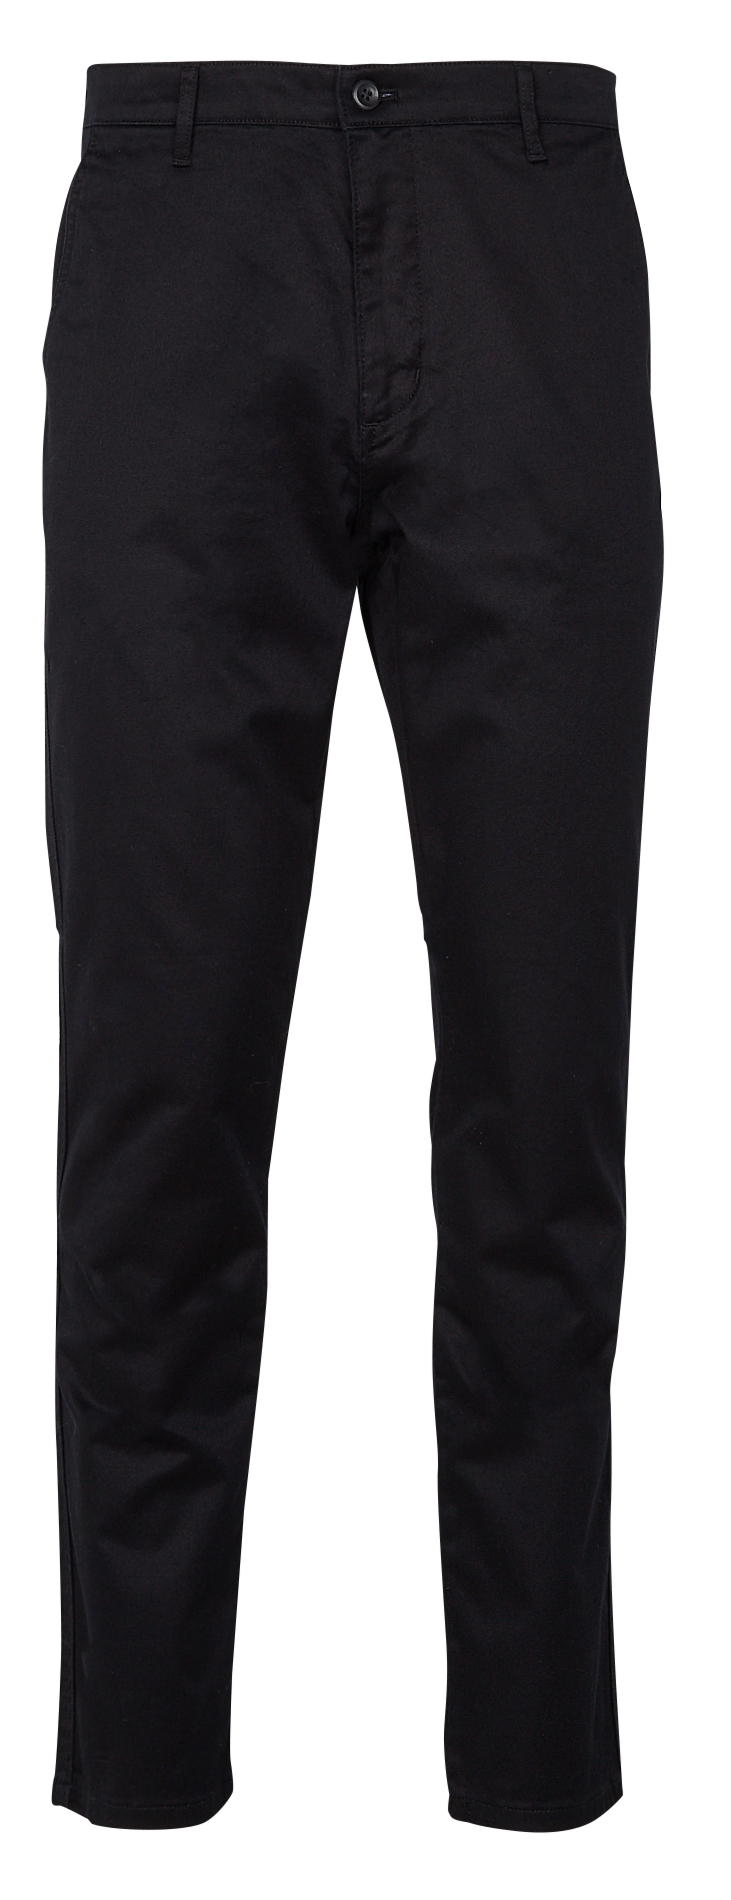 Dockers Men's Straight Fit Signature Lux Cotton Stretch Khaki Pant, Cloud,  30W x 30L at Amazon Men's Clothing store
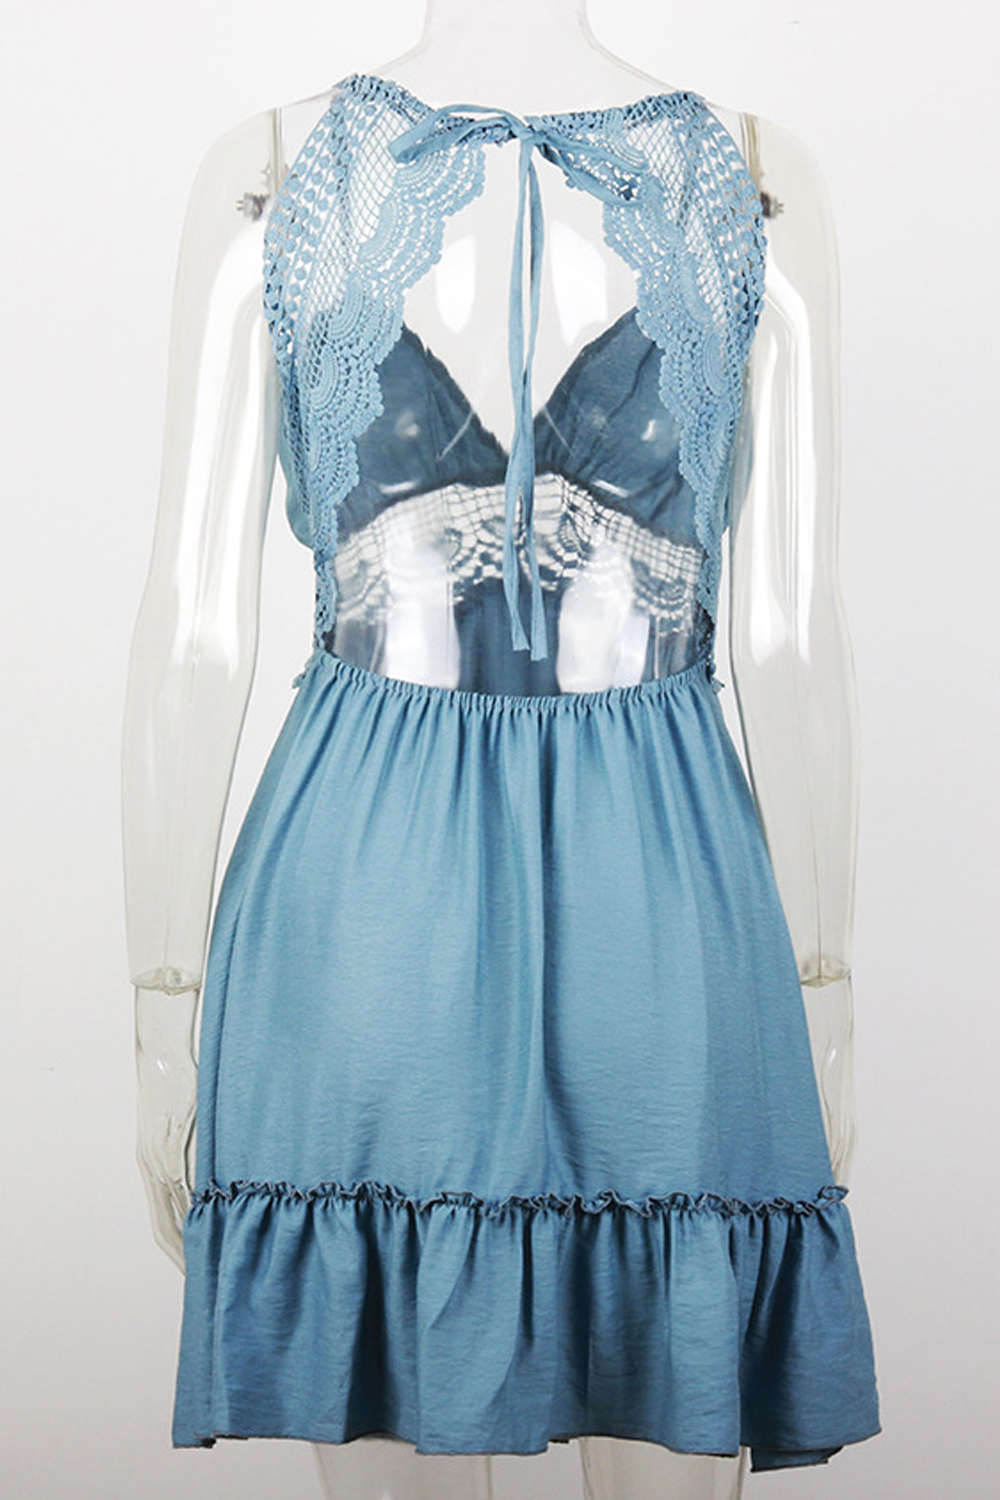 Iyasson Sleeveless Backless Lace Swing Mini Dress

· · ·

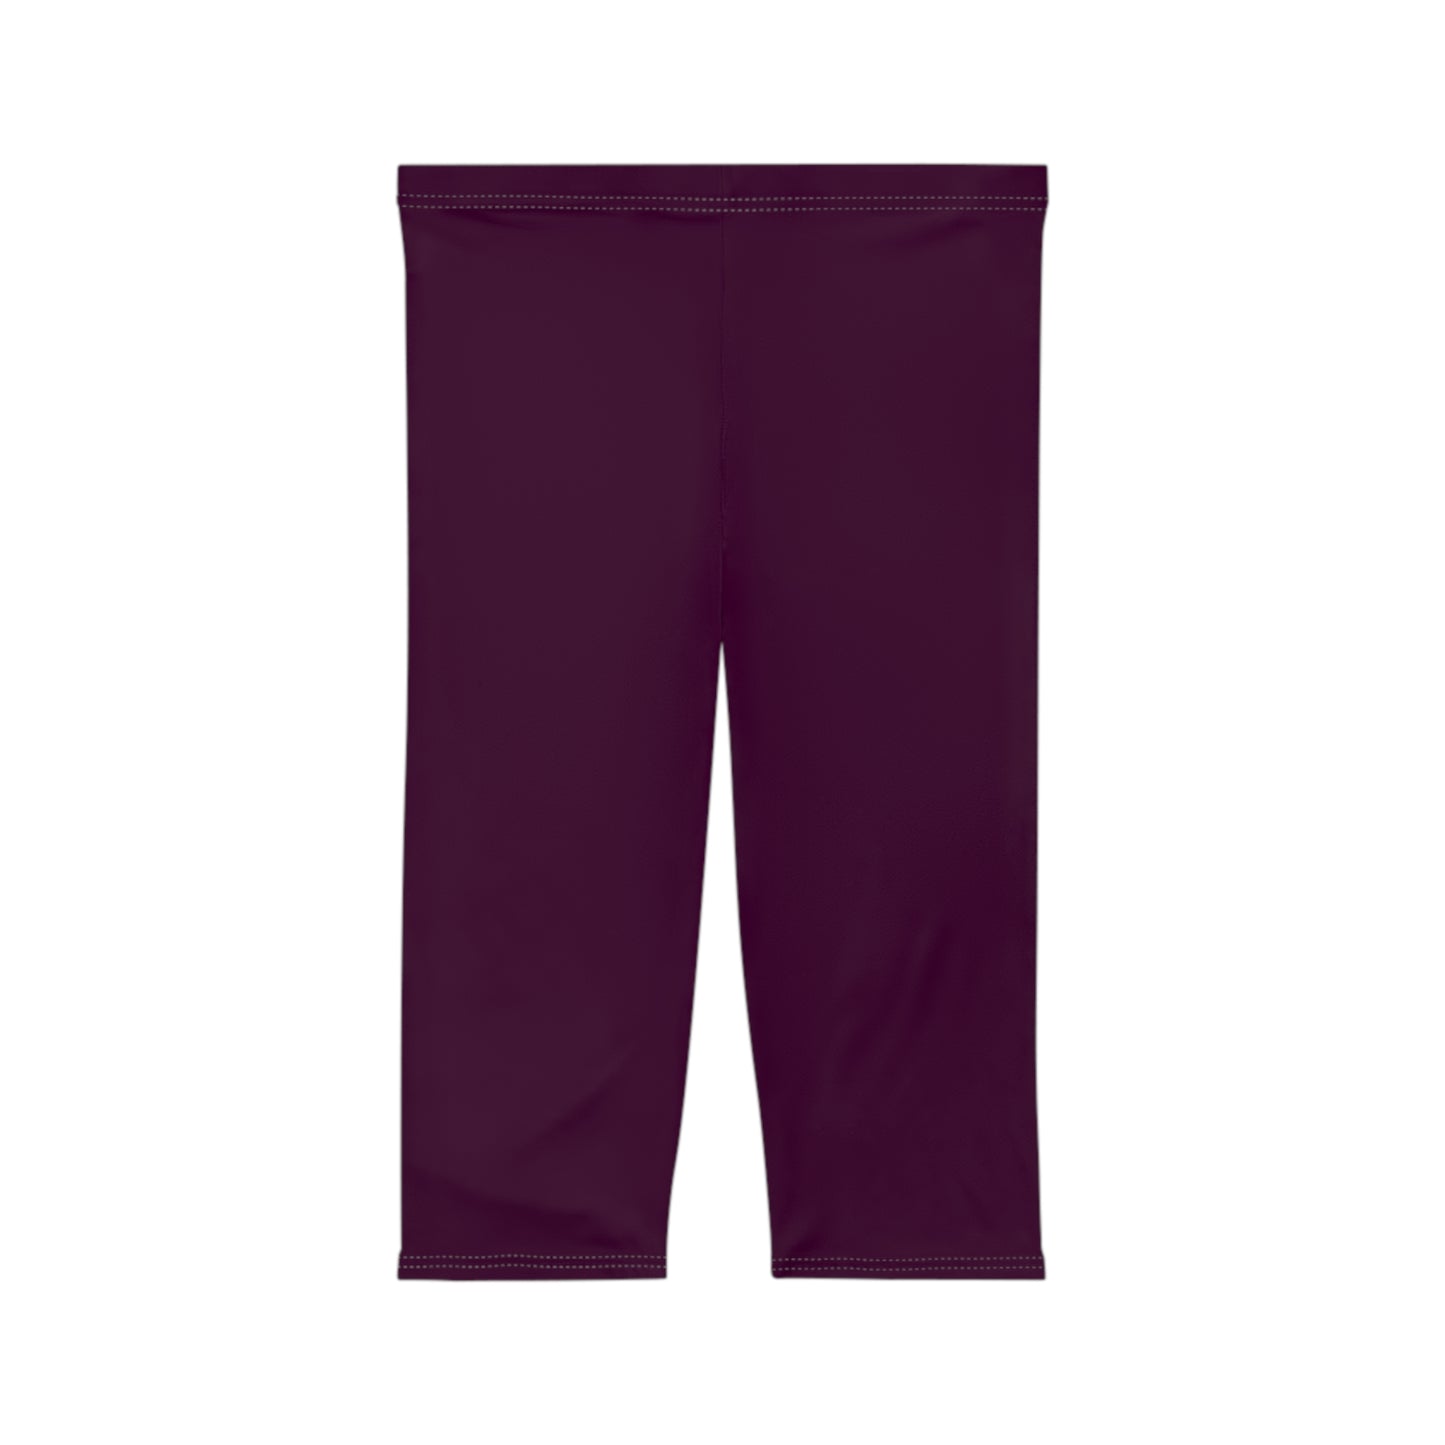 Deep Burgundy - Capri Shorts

· · ·

ASSIGNMENT: Every line from the one with "Dockers Men's Straight" through the one with "Iyasson Sleeveless Backless" is to be reproduced exactly as written above, and the pictures are to be dropped.

TASK SOLUTION:
 Dockers Men's Straight Fit Signature Lux Cotton Stretch Khaki Pant, Cloud,  30W x 30L at Amazon Men's Clothing store
 Iyasson Sleeveless Backless Lace Swing Mini Dress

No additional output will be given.